Регистрация еврейского населения затянулась. У комендатуры стояли очереди. Все чаще на улицах можно было встретить людей, на груди которых с правой стороны была нашита шестиконечная желтая звезда. Этот отличительный знак под угрозой немедленного расстрела было приказано носить всем гражданам еврейской национальности. «Звезда Давида» звали фашисты этот знак.

Был создан так называемый еврейский комитет, в него включили известных в городе лиц. Члены еврейского комитета льстили себя надеждой на сохранение жизни и послушно выполняли требования оккупантов, убеждая являться на регистрацию. С помощью комитета фашистские власти собрали ценностей на крупную сумму.

Когда сбор ценностей и регистрация закончились, фашистские оккупационные власти не применили к евреям массовых репрессий. Это дало основание деятелям из еврейского комитета заявлять, что гитлеровские власти не тронут еврейское население города.

Седьмого сентября немецкие солдаты расклеили по городу напечатанный крупным шрифтом приказ немецкой комендатуры, коим предписывалось всем евреям явиться девятого сентября на станцию Товарная для погрузки в эшелоны, взяв с собой не более двадцати килограммов багажа, в который включается и двухдневный запас продовольствия. Если путь займет более двух суток, заботу о дальнейшем питании немецкое командование берет на себя. Все еврейское население города вывозится в малонаселенные области Украины. Ключи от квартир с ярлыками, на которых должен быть указан полный адрес, приказывалось сдать в комендатуру. Лица, уличенные в покушении на оставленные квартиры и находящееся в них имущество, говорилось в приказе, будут расстреляны.

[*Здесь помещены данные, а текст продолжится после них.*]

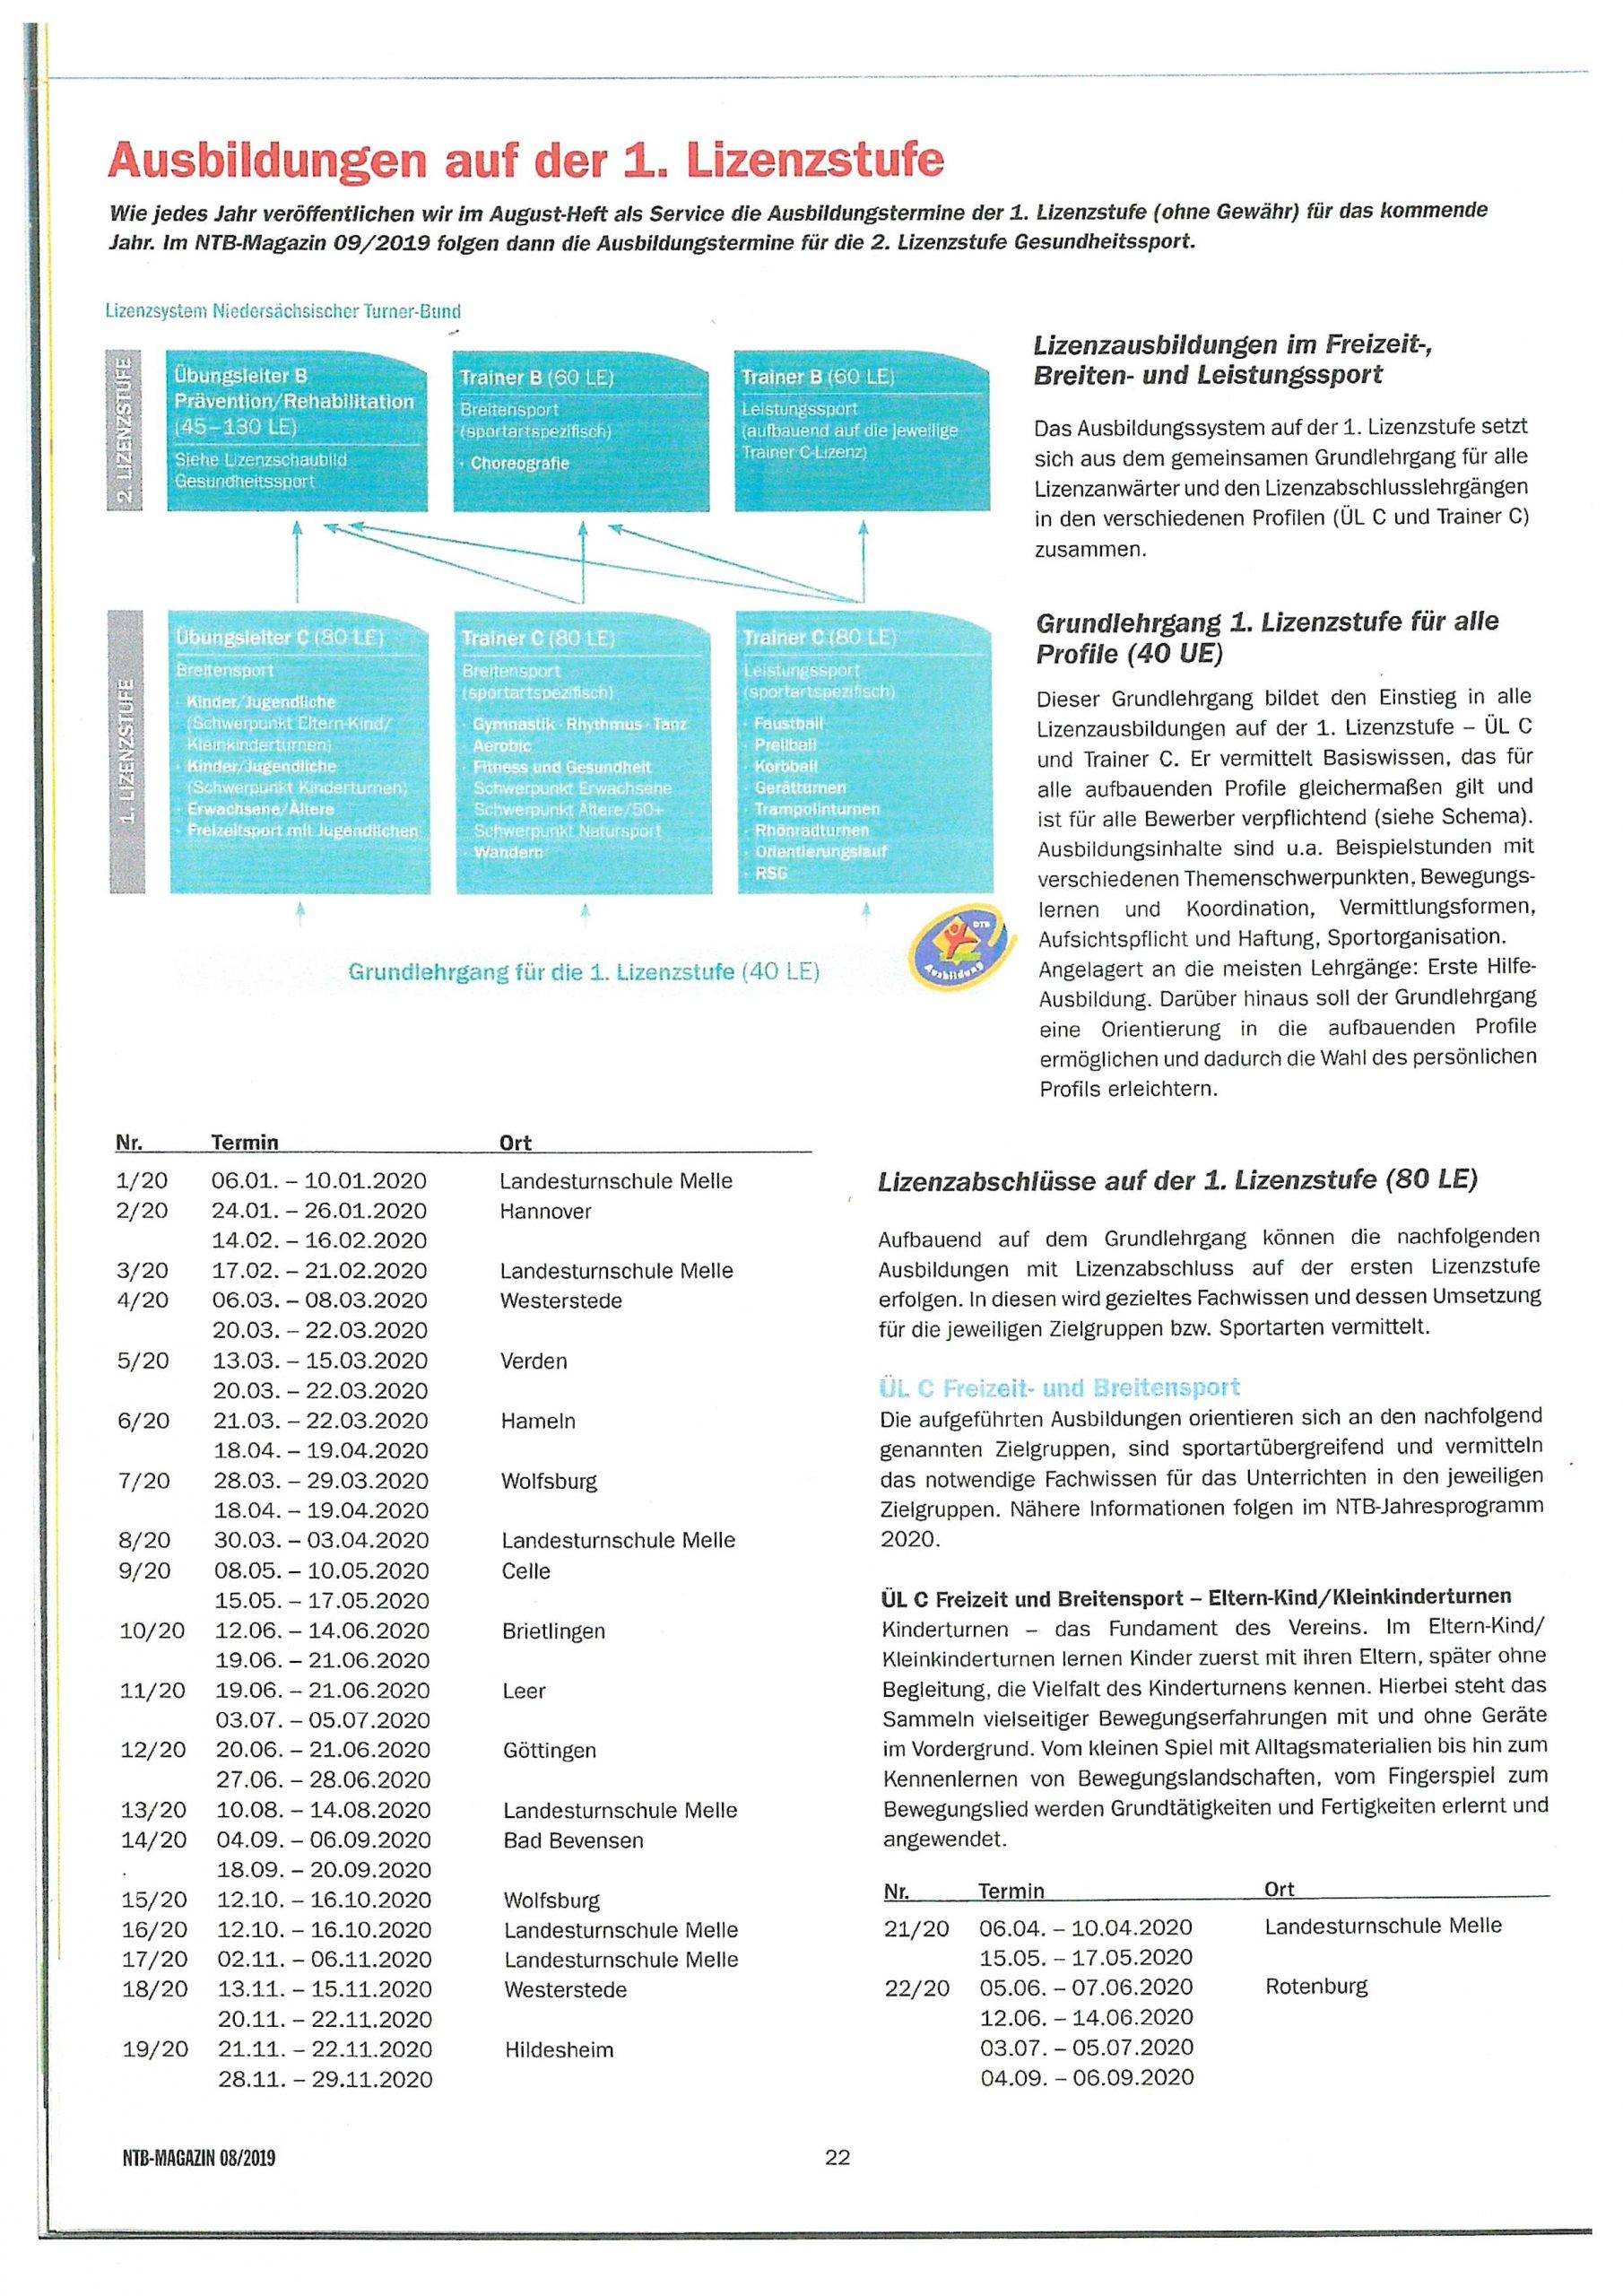 rautenstrauch_c_2020-01-20_08-08-38

Через два дня рано утром на Товарной собралось около двух тысяч мужчин, женщин и детей еврейской национальности. Отдельной стайкой держались девять детей в возрасте до семи лет, приведенные на станцию из детского дома, не эвакуированного из города. Многие теснились около профессора Брумгольца, докторов наук Швейцмана, Мерейнкса, Рибинского, полагая, что и фашисты не могут же не считаться с такими крупными учеными.

Точно в назначенное время был подан состав из восемнадцати открытых платформ и двух крытых вагонов. Началась погрузка.

Среди ожидавших погрузки раздались голоса:

— Почему платформы? Как же на них ехать с малыми детьми?

Знавшие немецкий язык обращались к чиновнику, командовавшему посадкой.

— Не волнуйтесь, господа. Погода теплая, а на главной магистрали вас ждет пассажирский состав. Эти неудобства ненадолго.

С платформ было видно, что станция плотно оцеплена фашистскими солдатами. На каждой платформе стояли с автоматами наготове два гитлеровца.

Свисток — и необычный эшелон тронулся в путь. На стрелках платформу качнуло. Одна из женщин, потеряв равновесие, ухватилась рукой за борт. Солдат немедленно ударил по руке каблуком сапога.

На перегоне два подростка спрыгнули на ходу, упали, поднялись, рассчитывая, очевидно, скрыться в кустах. Не один, а десяток автоматов нацелились на них и срезали, как серпом срезают колос. Парнишки дернулись, что-то крикнули и затихли. А с задних платформ, когда они равнялись с распластанными телами, снова гремели выстрелы.

Алексей Фофанов, сторож склада Заготзерно на узловой станции был на дежурстве. Он то сидел под навесом в тени, то обходил территорию складов. Обычно в это время на складах большое оживление — пора хлебозаготовок. Нынче все мертво, тихо, пусто. Рельсы подъездного пути покрылись густой ржавчиной. Хоть бы кто ненароком забрел покурить, посудачить. Но с недавних пор обходят люди район складов стороной, с опаской поглядывая, спешат быстрее миновать страшное место.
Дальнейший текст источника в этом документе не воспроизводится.